DATA SECTION —
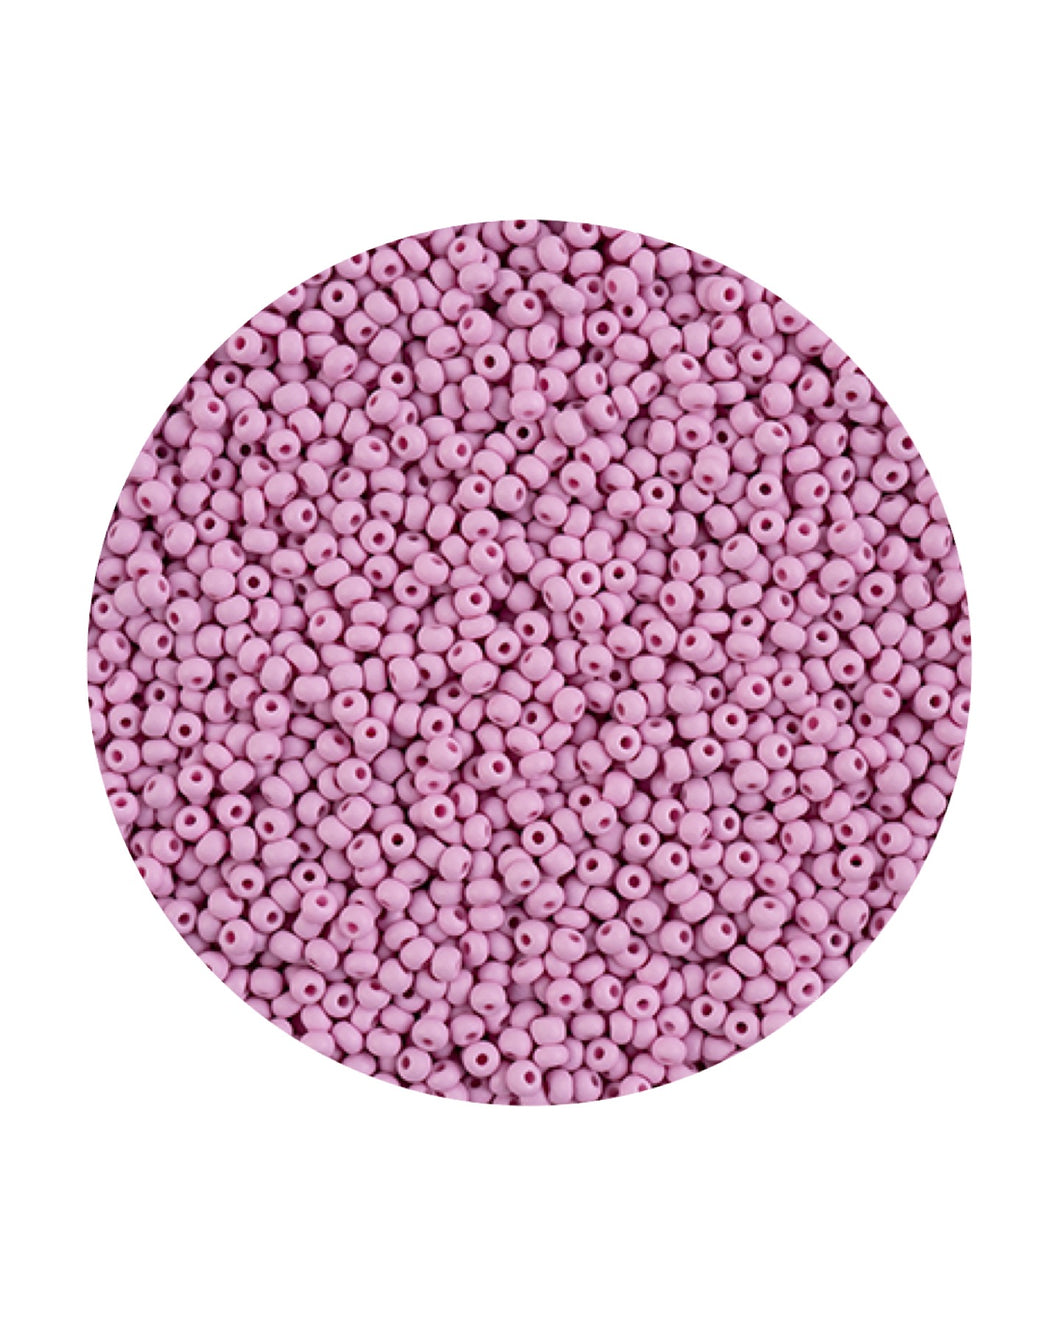 11/0 Preciosa Permalux Seed Beads Dyed Chalk Violet Matte, 23g Bags
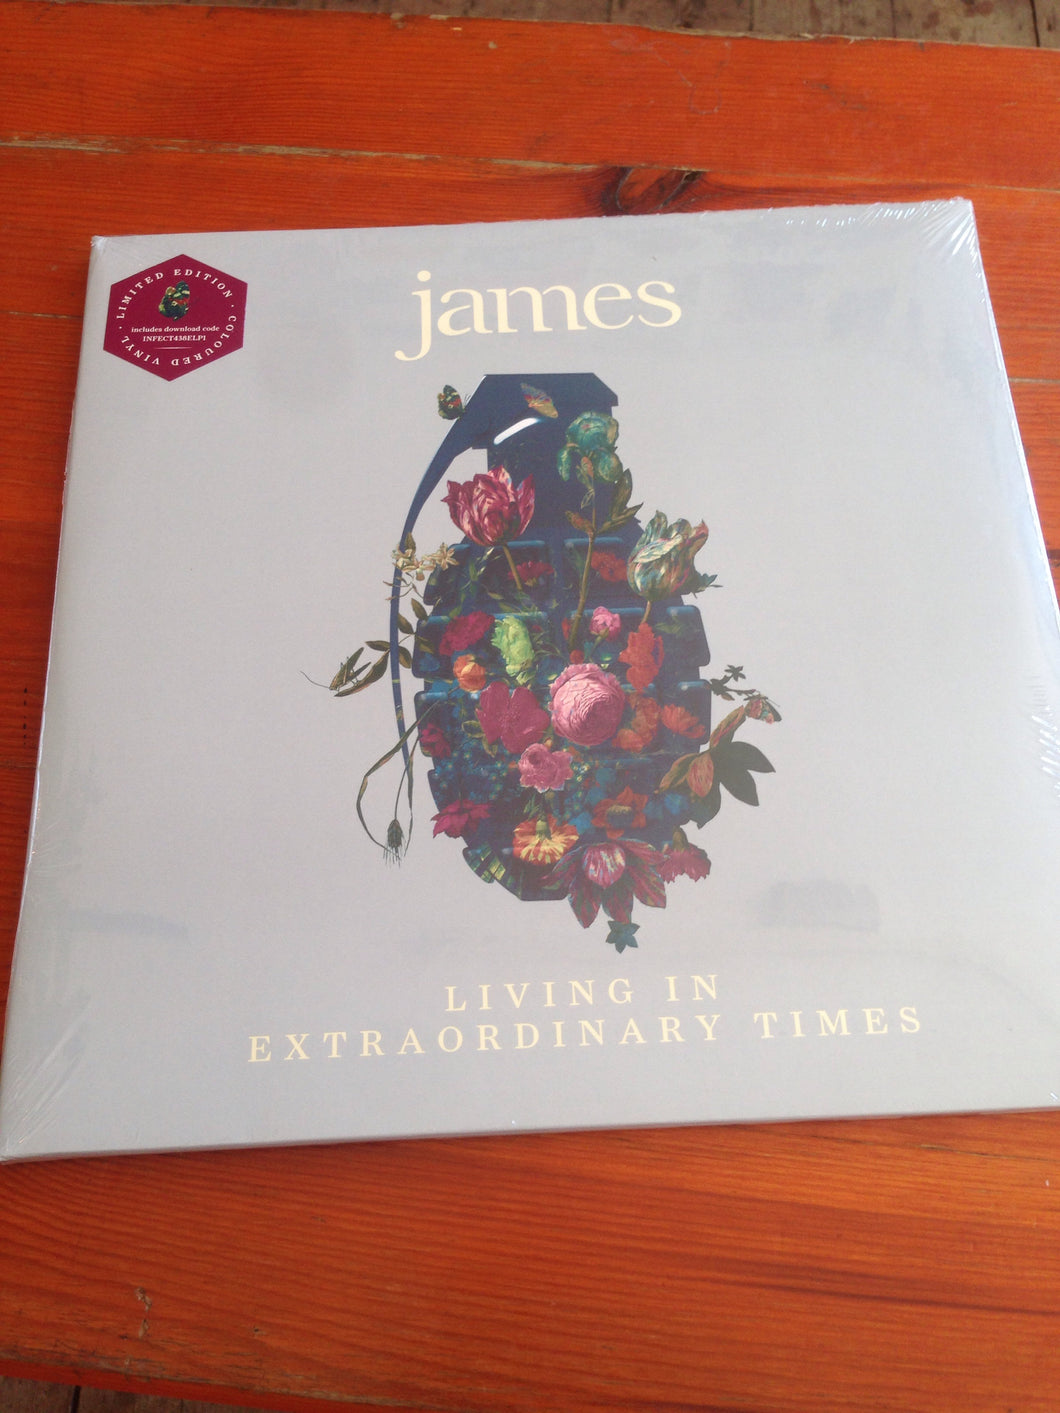 James - Living in Extraordinary Times
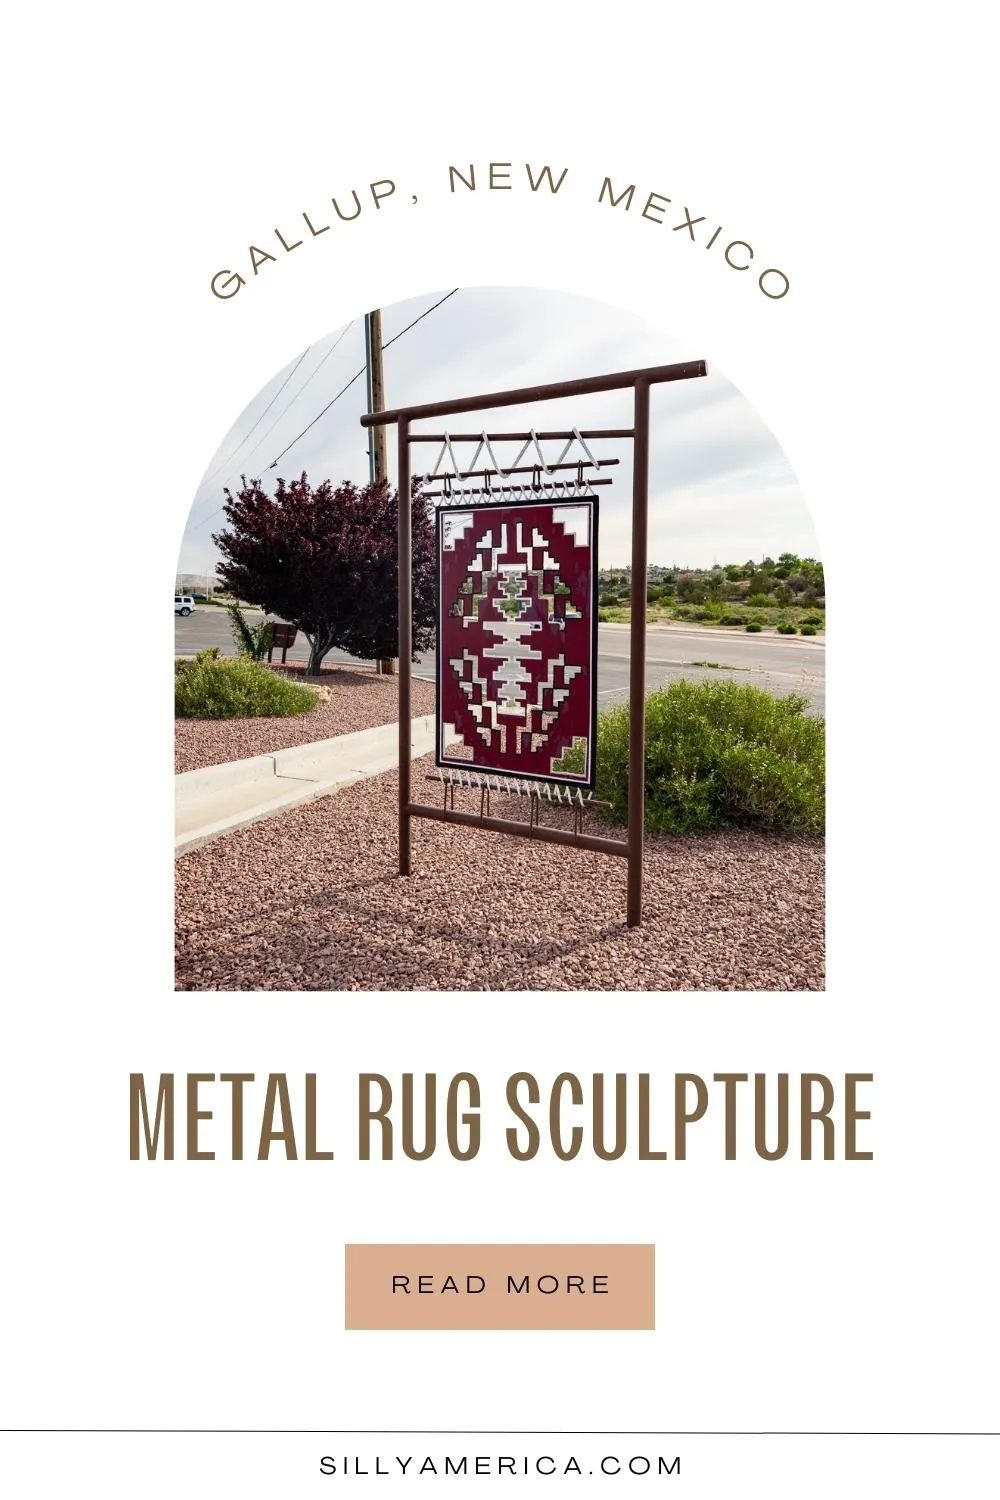 This metal rug sculpture is found in front of Perry Null Trading Company, a shop in Gallup, New Mexico that sells Native American jewelry, arts, and crafts. They specialize in silver and turquoise jewelry, pottery, carvings, and rugs. It was crafted by Navajo artist Leonardo Jim. Visit this Route 66 roadside attraction on your Route 66 road trip in New Mexico. Add it to your travel itinerary. #Route66 #Route66RoadTrip
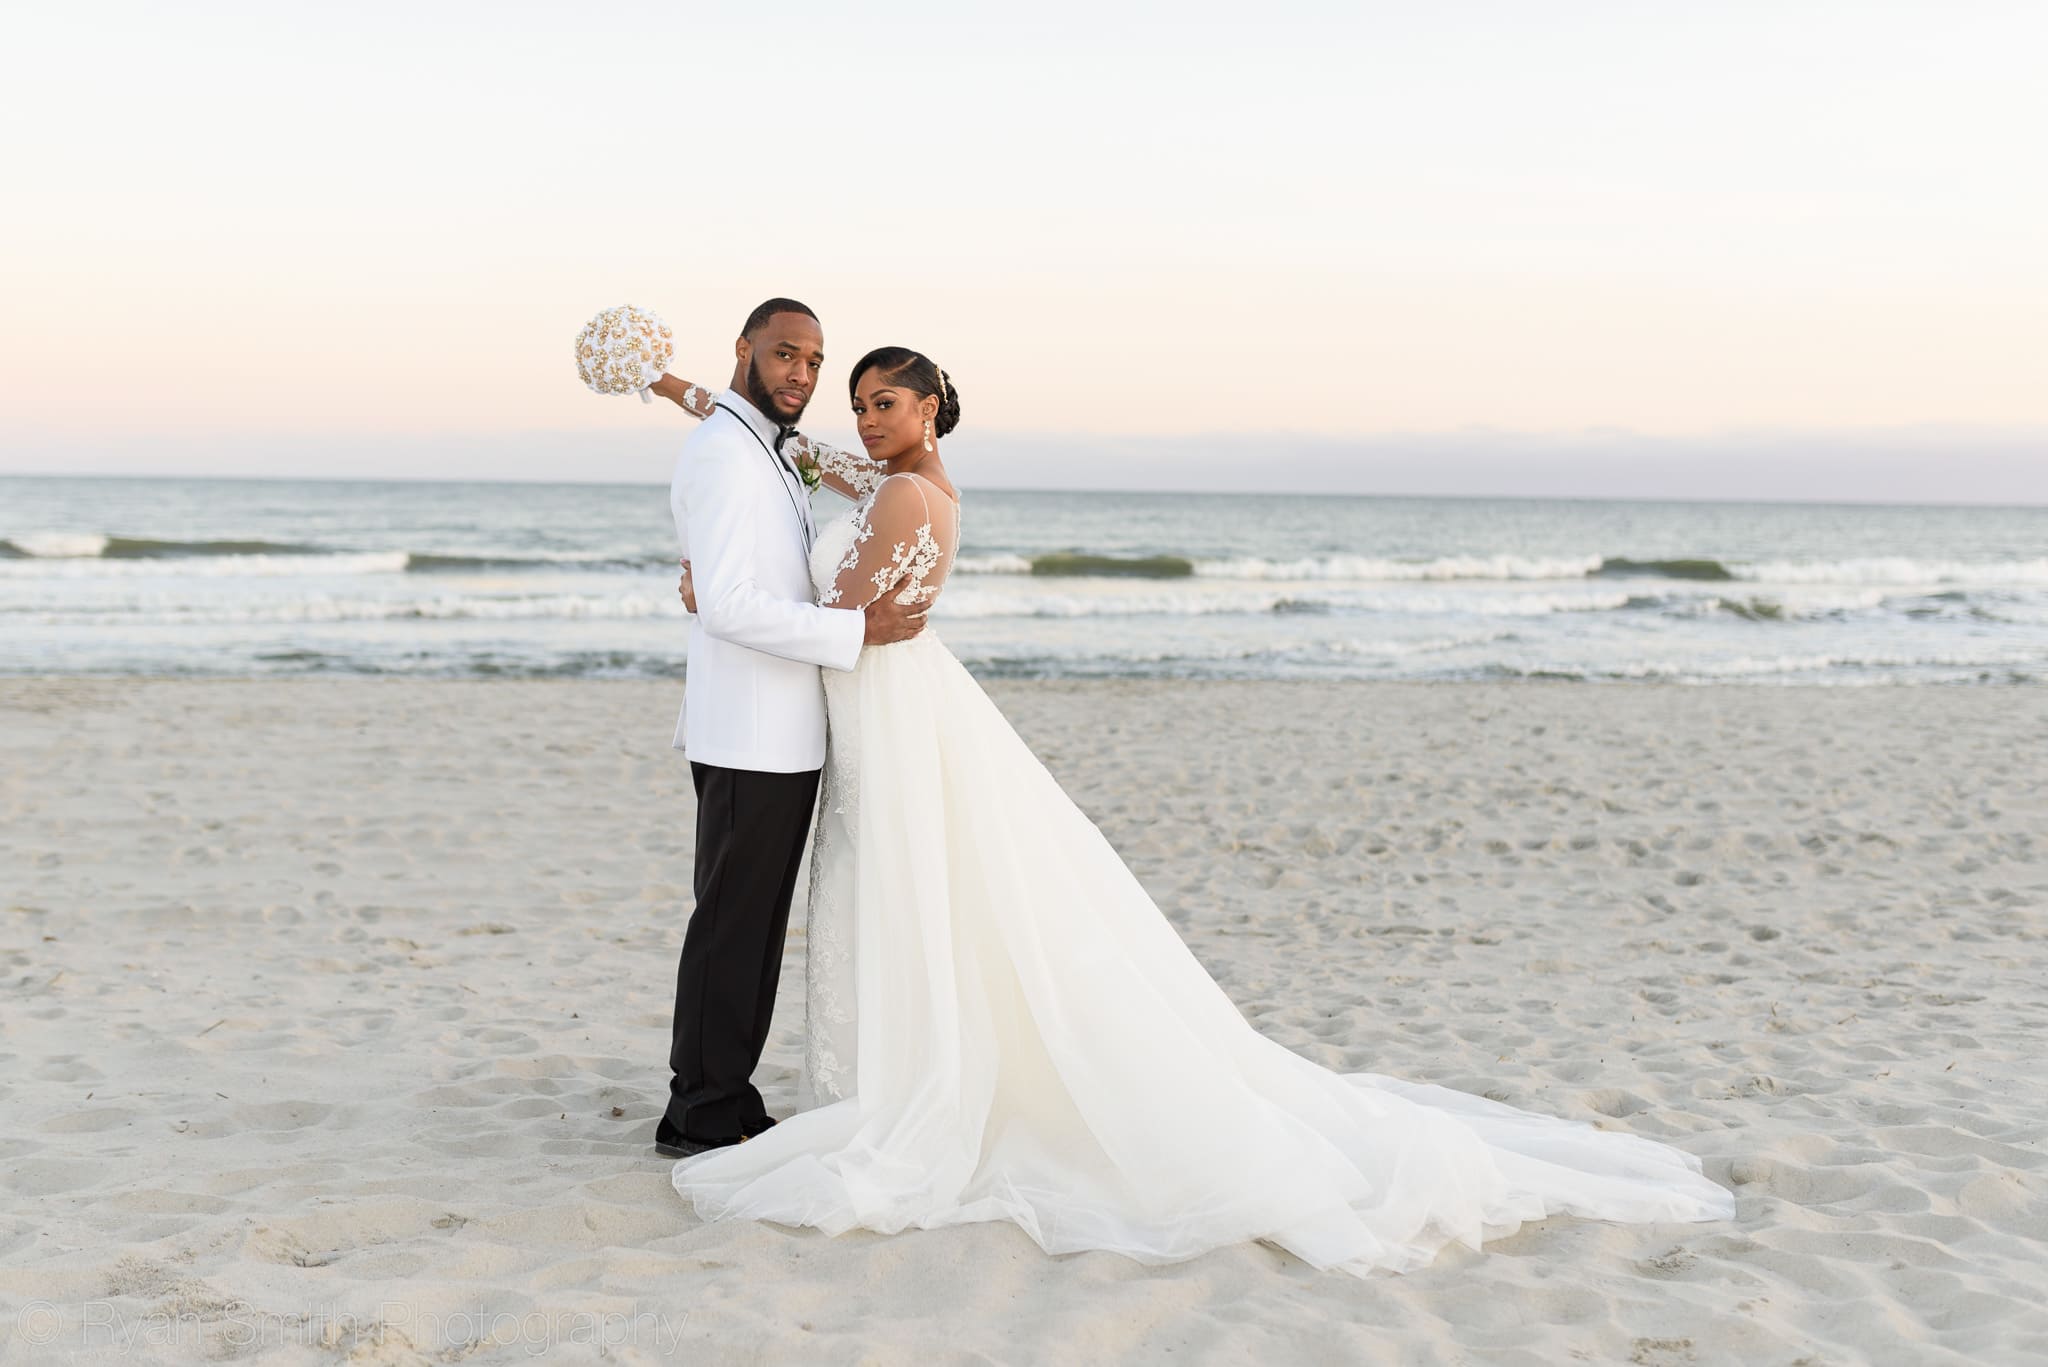 Bride and groom standing in front of ocean - Doubletree Resort by Hilton Myrtle Beach

WORK TASK —
The answer should contain nothing but the lines from the top of the data above through the line containing "James - Living in Extraordinary Times", copied exactly, with no images.

EXPECTED ANSWER —
 11/0 Preciosa Permalux Seed Beads Dyed Chalk Violet Matte, 23g Bags
 James - Living in Extraordinary Times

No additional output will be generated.